The computations are:

  • Number of non-renewers = 100,000 - 500 = 99,500.

  • "Attribute" is 20% of all buyers = 0.20 * 100,000 = 20,000.

  • Non-"attribute" is therefore 100,000 - 20,000 - 80,000 of all buyers.

  • "Attribute" is 60% of all renewers = 0.60 * 500 = 300.

  • Therefore, 20,000 - 300 = 19,700 of all non-renewers have the attribute.

  • Non-"attribute" for renewers is 500 - 300 = 200.

  • Therefore, 80,000 - 200 = 79,800 of all non-renewers do not have the attribute.

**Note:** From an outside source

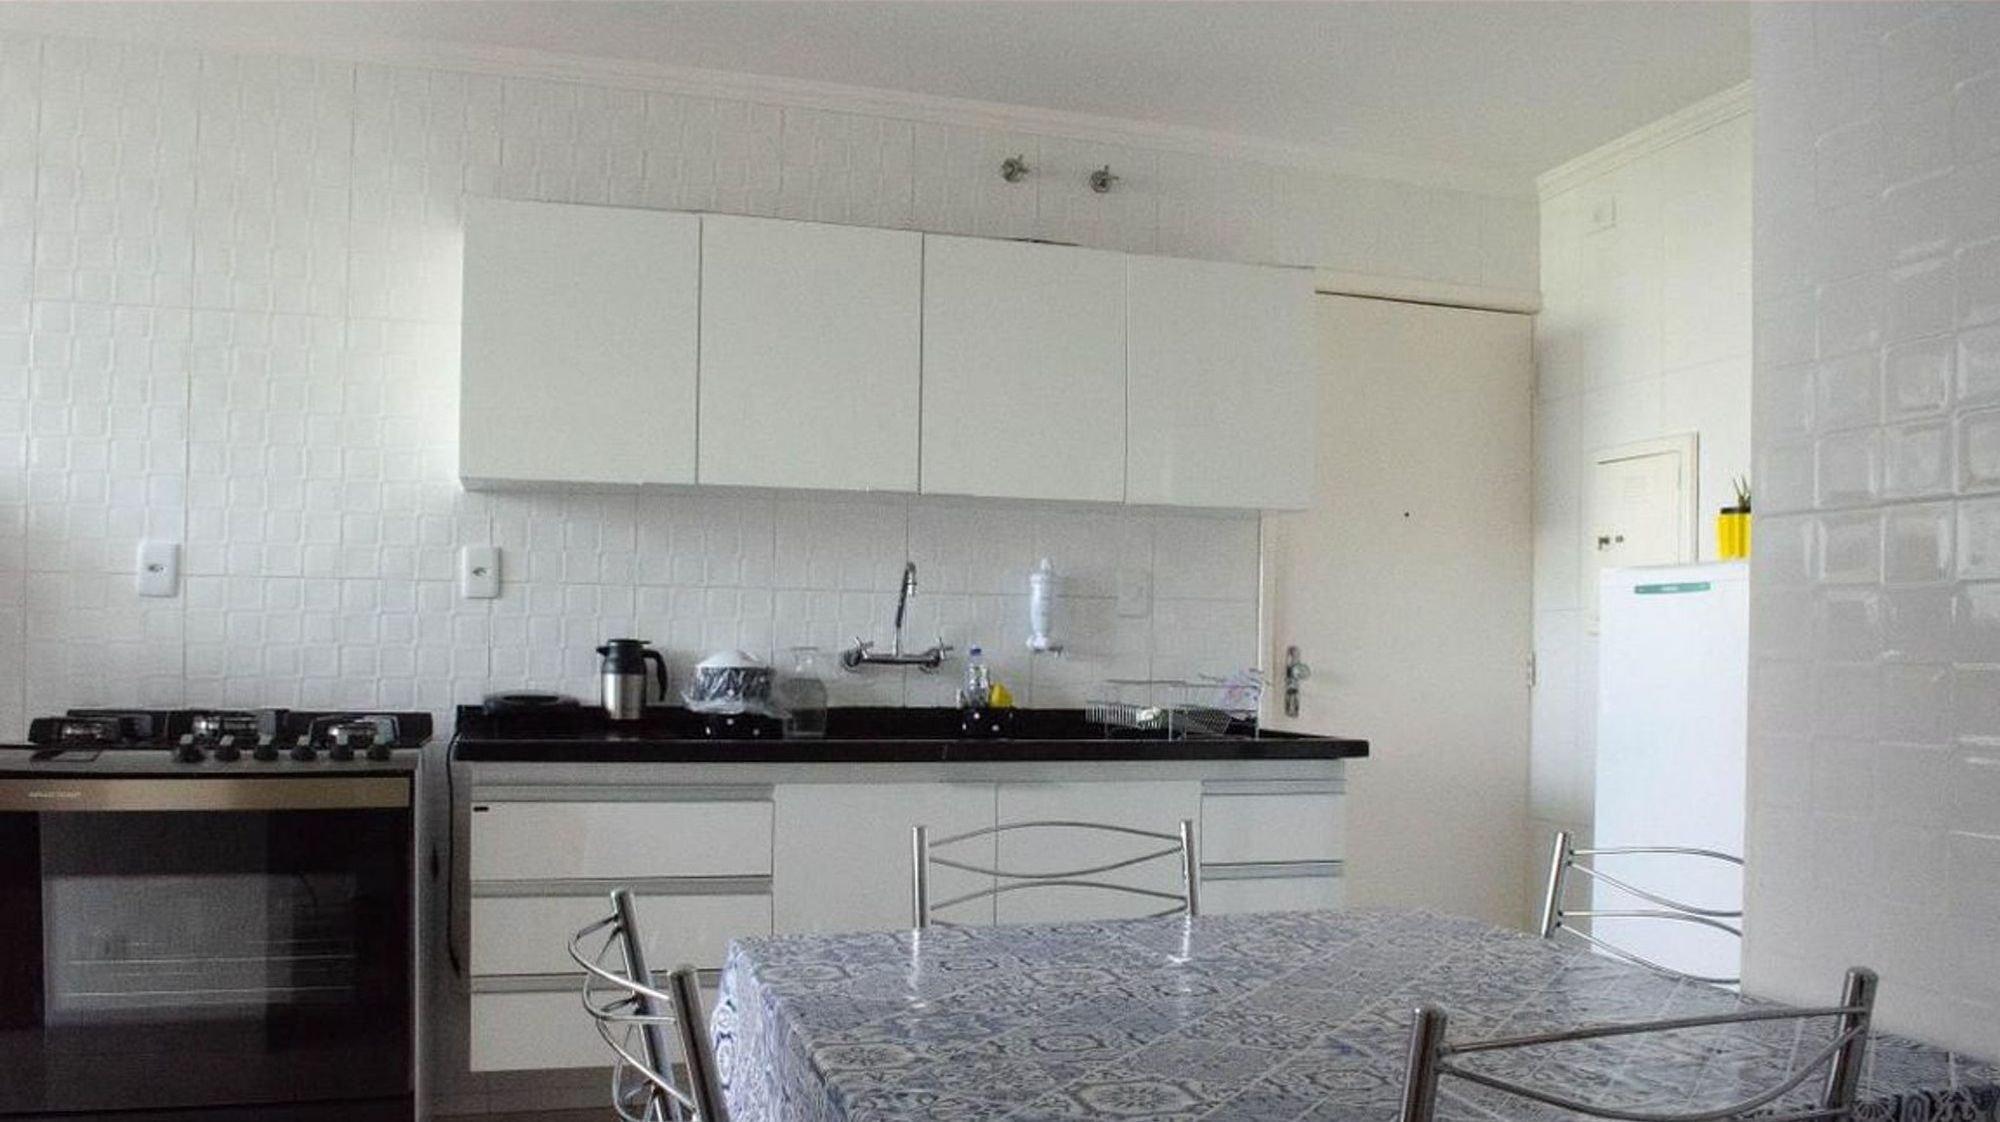 Foto de Cozinha com garrafa, forno, cadeira, mesa de jantar

Conduct a chi-square test of independence. This is valid because each of the cells in your table has a large count. ("Large" typically means 5 or greater.) Here are the calculations:

  • 80% of all buyers are "no attribute" and 99.5% do not renew. Therefore we expect .80 * .995 * 100,000 = 79,600 to be non-renewers with "no attribute".

  • Similarly, the rest of the table of expected values is

                   No renewal  Renewal
                    ---------- -------
      Attribute  No      79600     400
                Yes      19900     100
    
  • The residuals (differences between the tables) are 79800 - 79600 = 200, 200 - 400 = -200, 19700 - 19900 = -200, and 300 - 100 = 200.

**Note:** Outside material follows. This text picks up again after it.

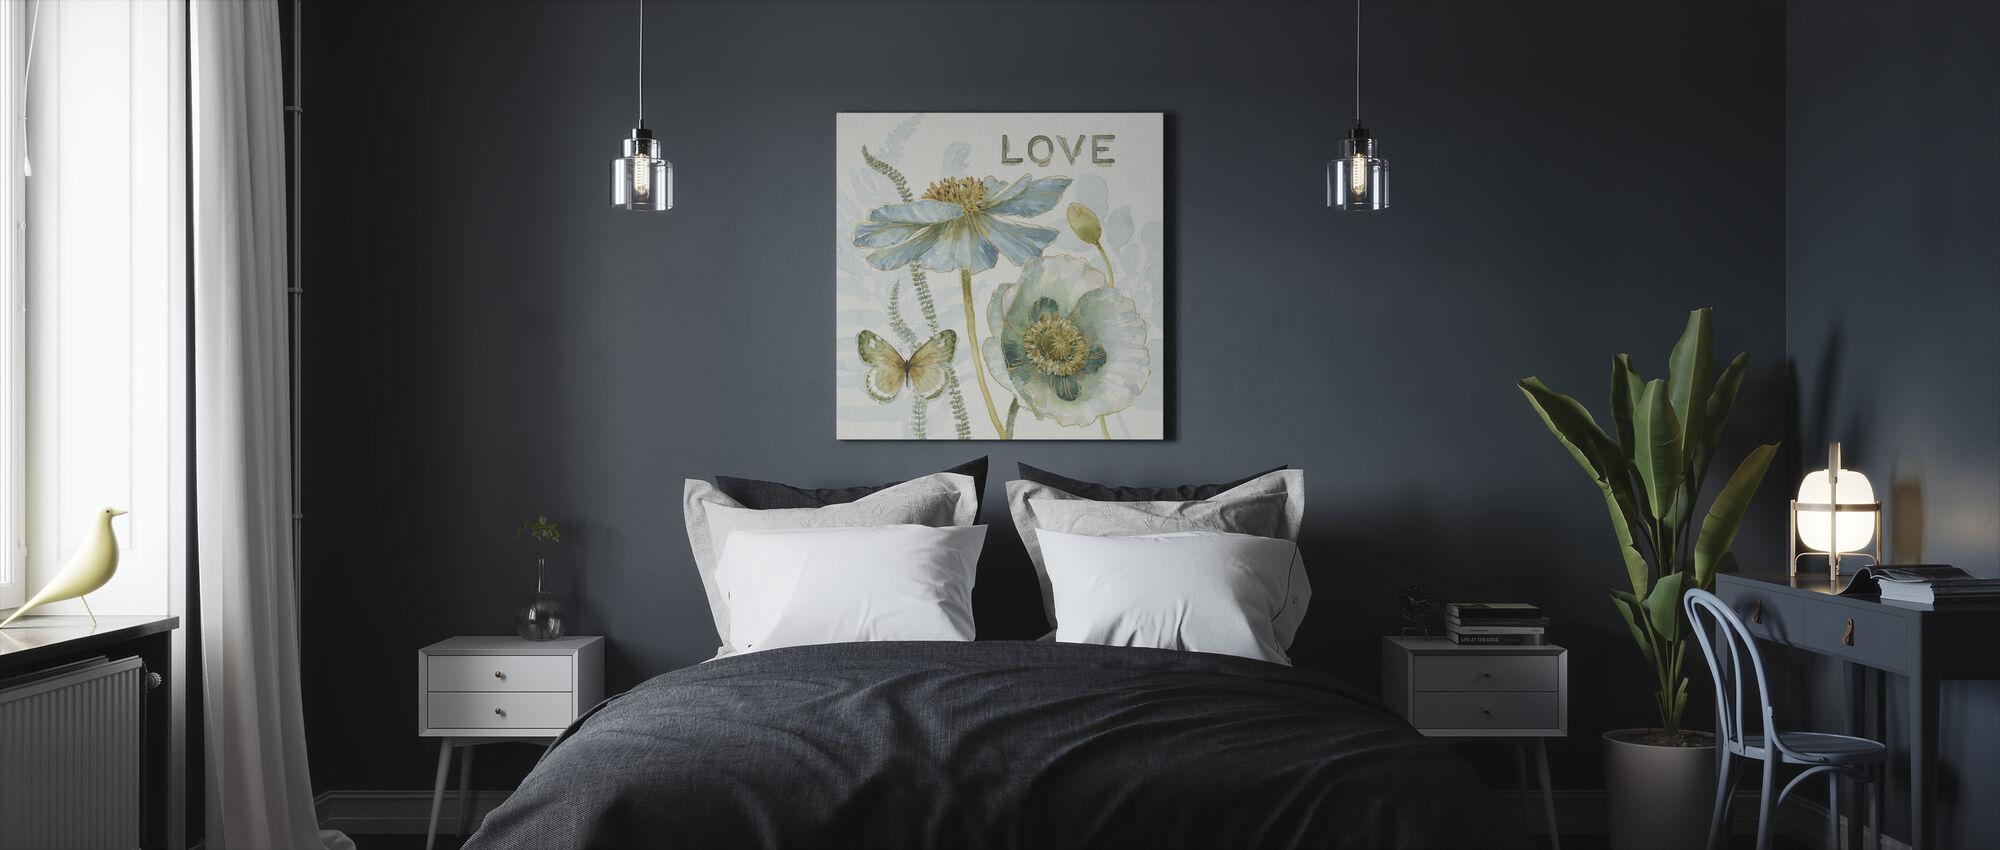 Mijn broeikas Bloemen - Liefde - Canvas print - Slaapkamer

  • The chi-square terms are the squared residuals divided by the expectations. Specifically, these equal $200^2/79600 = 0.5025$, $(-200)^2/400 = 100$, $(-200)^2/19900 = 2.0101$, and $200^2/100 = 400$. The chi-square statistic is their sum, 0.5025 + 100 + 2.0101 + 400 = 502.5126.

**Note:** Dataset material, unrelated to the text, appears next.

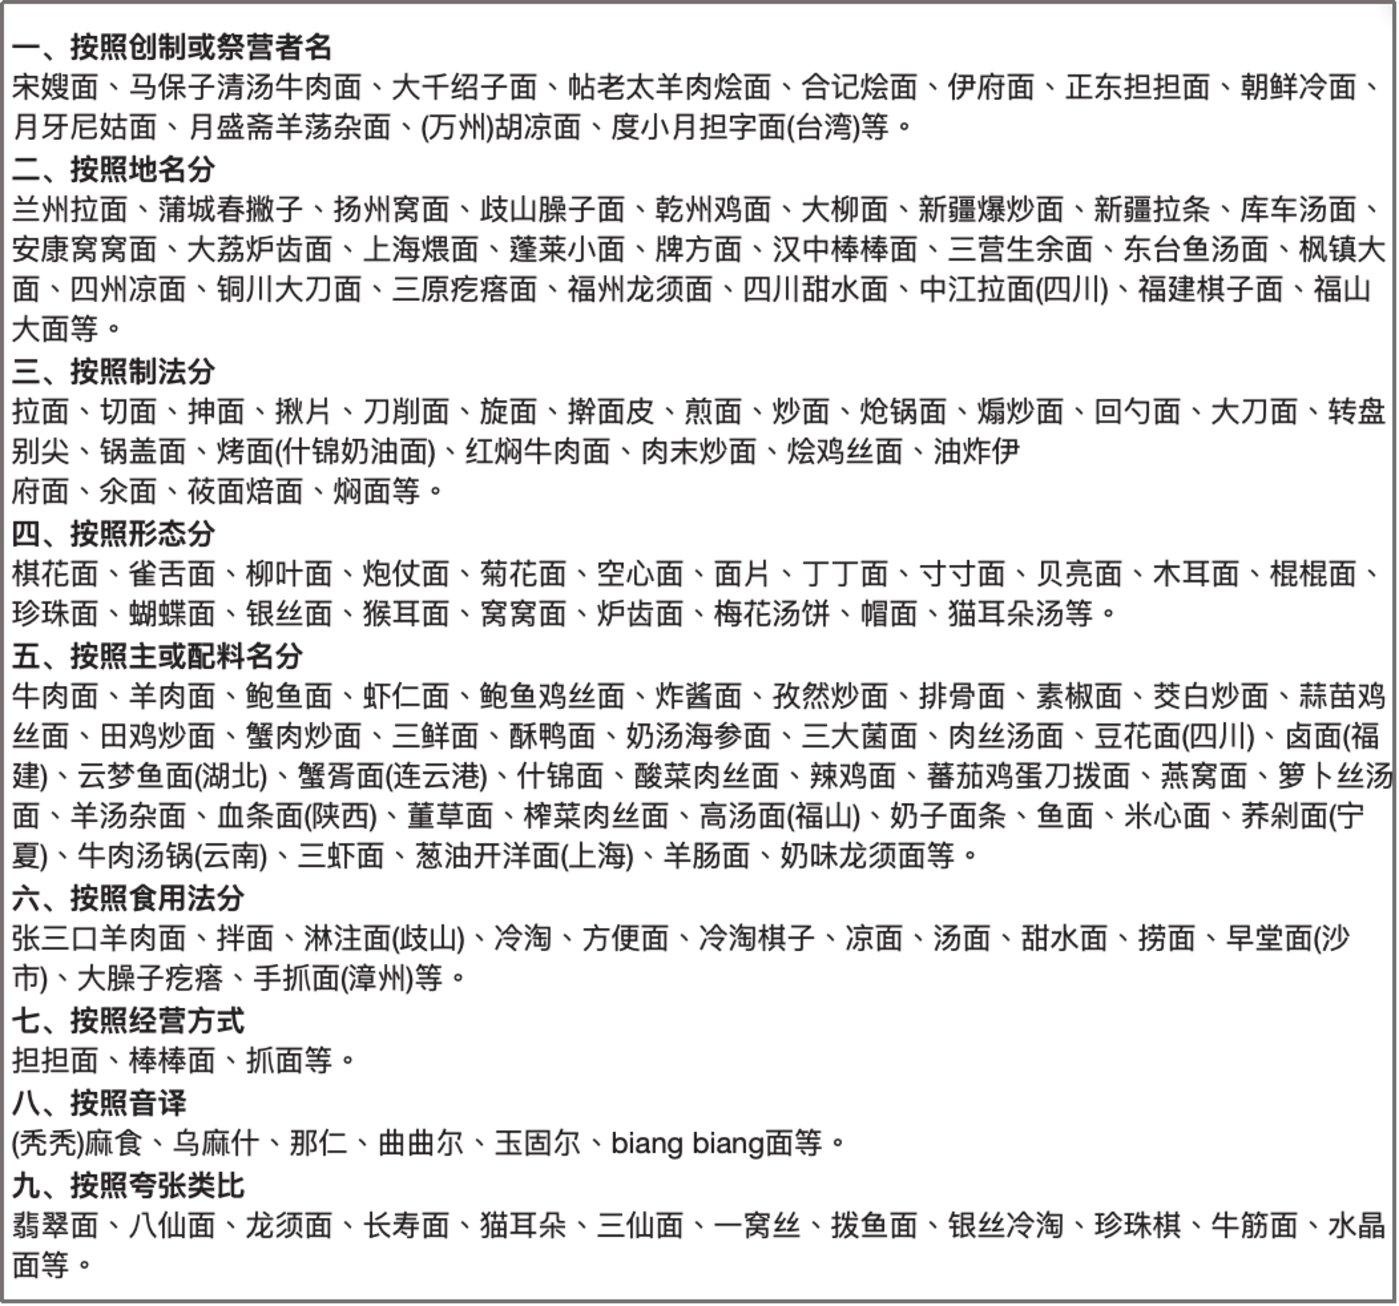 面条分类,图/《中国面条文化的魅力》,马兴仁

  • There is only one degree of freedom: given the marginal percentages (80% and 20% for rows, 99.5% and 0.5% for columns), the entire table is determined by the number of buyers (100,000). That's a single value, so there's one DoF.

    • The chance of a chi-square variate exceeding 502.5126 is astronomically small (less than 2.3E-111). It's best to use good statistical software to compute this value, but even Excel's calculation =CHIDIST(1, 502.5126) is close enough.

Now we can answer the questions.

  1. Your data say nothing about the "attribute" affecting behavior. This is an observational study. All it finds is that there is an association between the "attribute" and renewal and (thanks to the chi-square calculation) we cannot attribute that association to randomness.

  2. If 55.65% of all buyers had the "attribute" and 60% of all renewers continued to have the attribute, the chi-square test would still be (barely) significant at the 5% level.

  3. It is not clear what you mean by "huge difference." Is it the proportion having the "attribute"? Their actual numbers? And what do you mean by "bias"? That would depend on how you plan to use these results. If you want to predict future renewal rates, there are all kinds of potential biases resulting from ways in which these particular 100,000 customers could differ from future customers. But that question is not settled with a statistical analysis: it's really a matter of (marketing) faith. What the data say is that renewal is convincingly associated with the "attribute" within this particular population of 100,000 people.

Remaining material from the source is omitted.